## Task to complete
Everything in the listing below from the line containing "RICK OWENS FW23" through the line containing "Gray And Gold" must be repeated exactly; the remaining lines are not wanted.

## Given data
+++
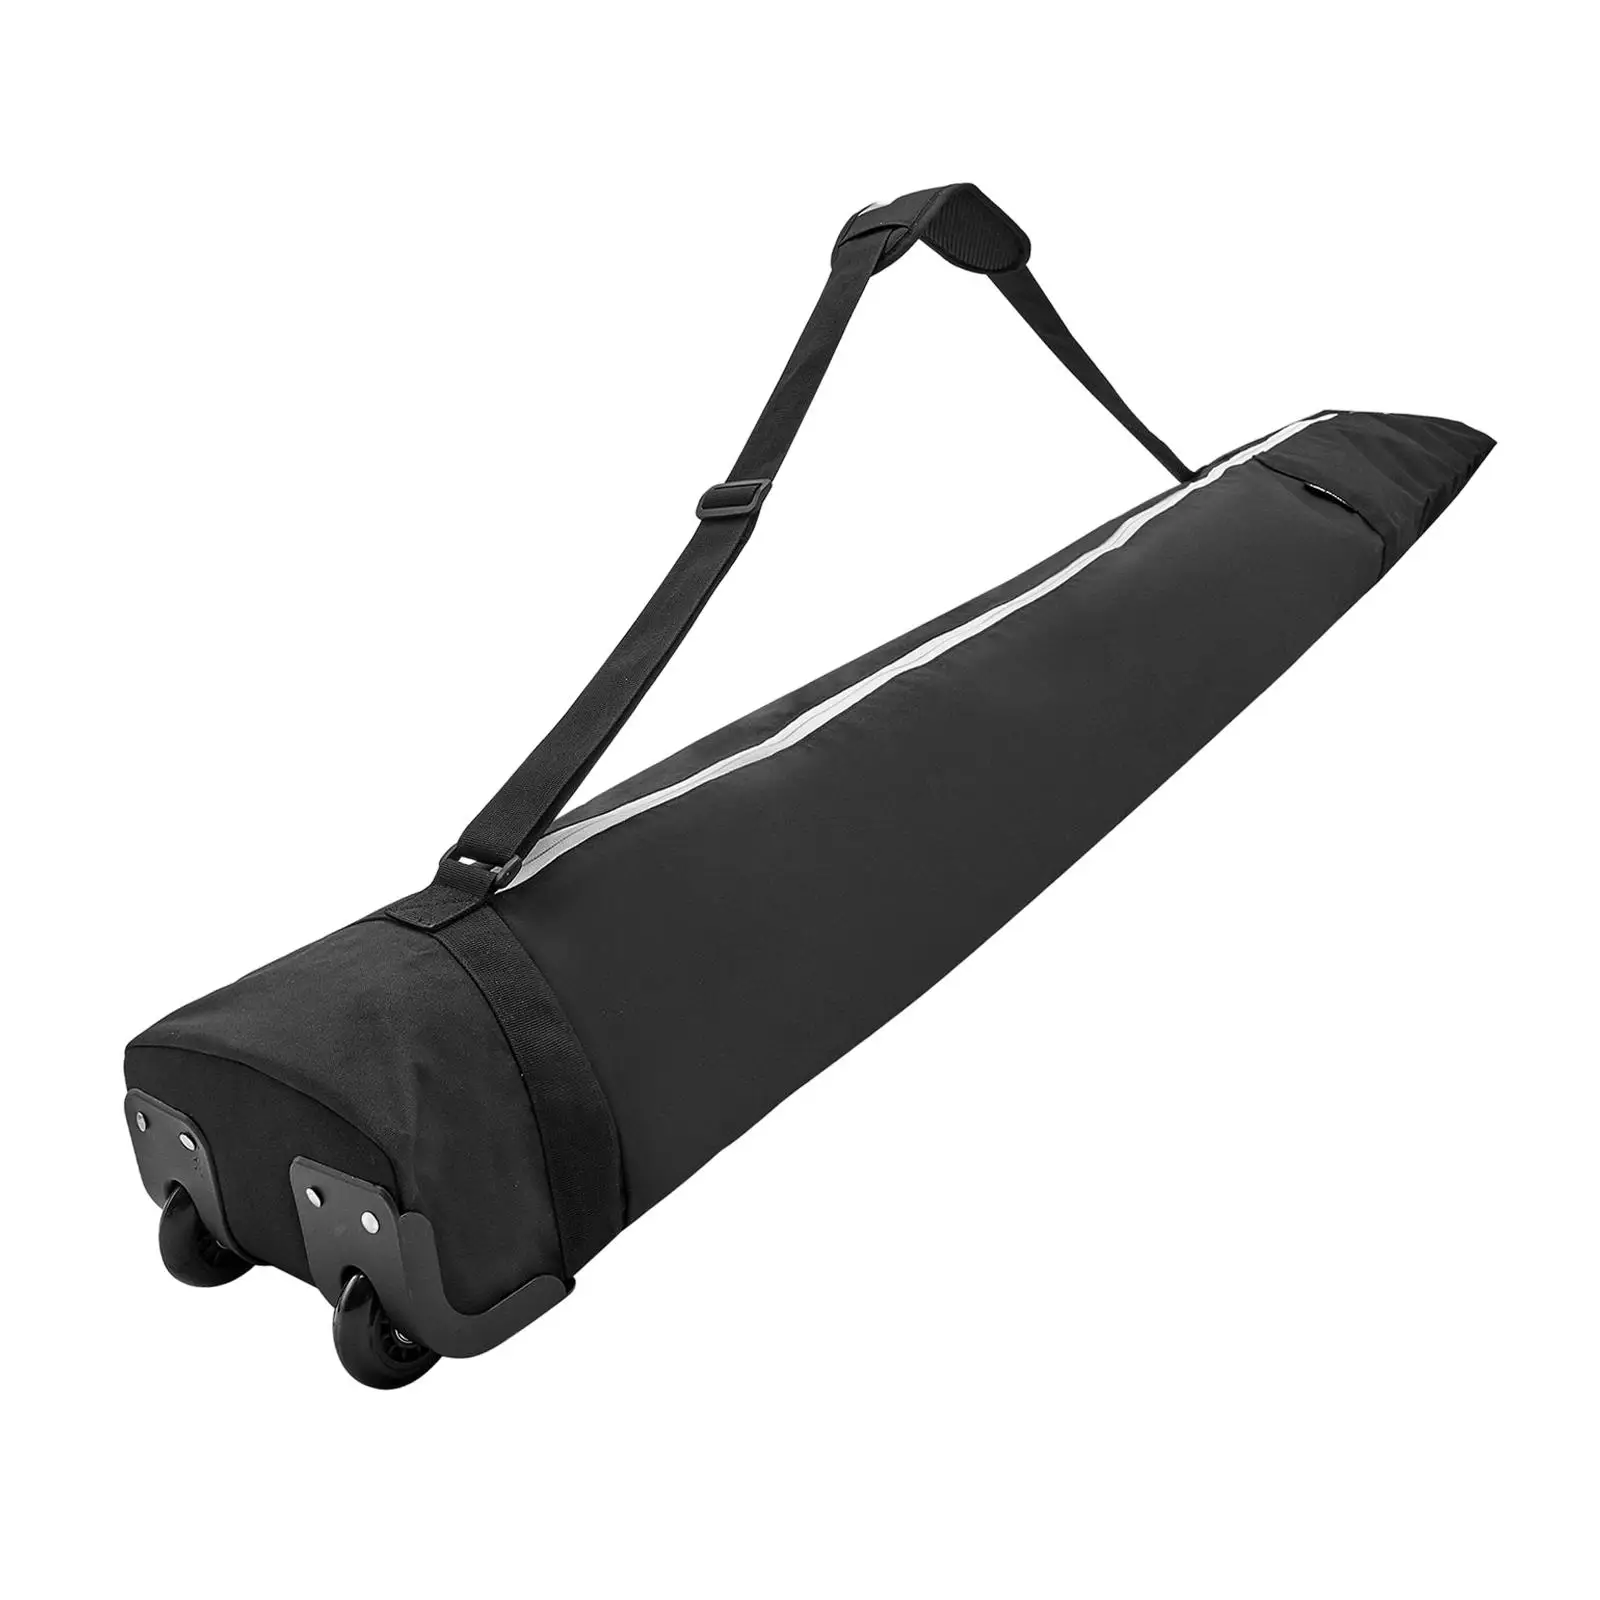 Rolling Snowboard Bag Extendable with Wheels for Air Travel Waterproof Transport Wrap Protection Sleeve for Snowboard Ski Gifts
+++
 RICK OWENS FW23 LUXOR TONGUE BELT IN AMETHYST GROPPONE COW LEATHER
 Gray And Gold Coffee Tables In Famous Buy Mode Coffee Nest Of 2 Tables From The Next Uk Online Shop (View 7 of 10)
+++
## Output of the exercise
 RICK OWENS FW23 LUXOR TONGUE BELT IN AMETHYST GROPPONE COW LEATHER
 Gray And Gold Coffee Tables In Famous Buy Mode Coffee Nest Of 2 Tables From The Next Uk Online Shop (View 7 of 10)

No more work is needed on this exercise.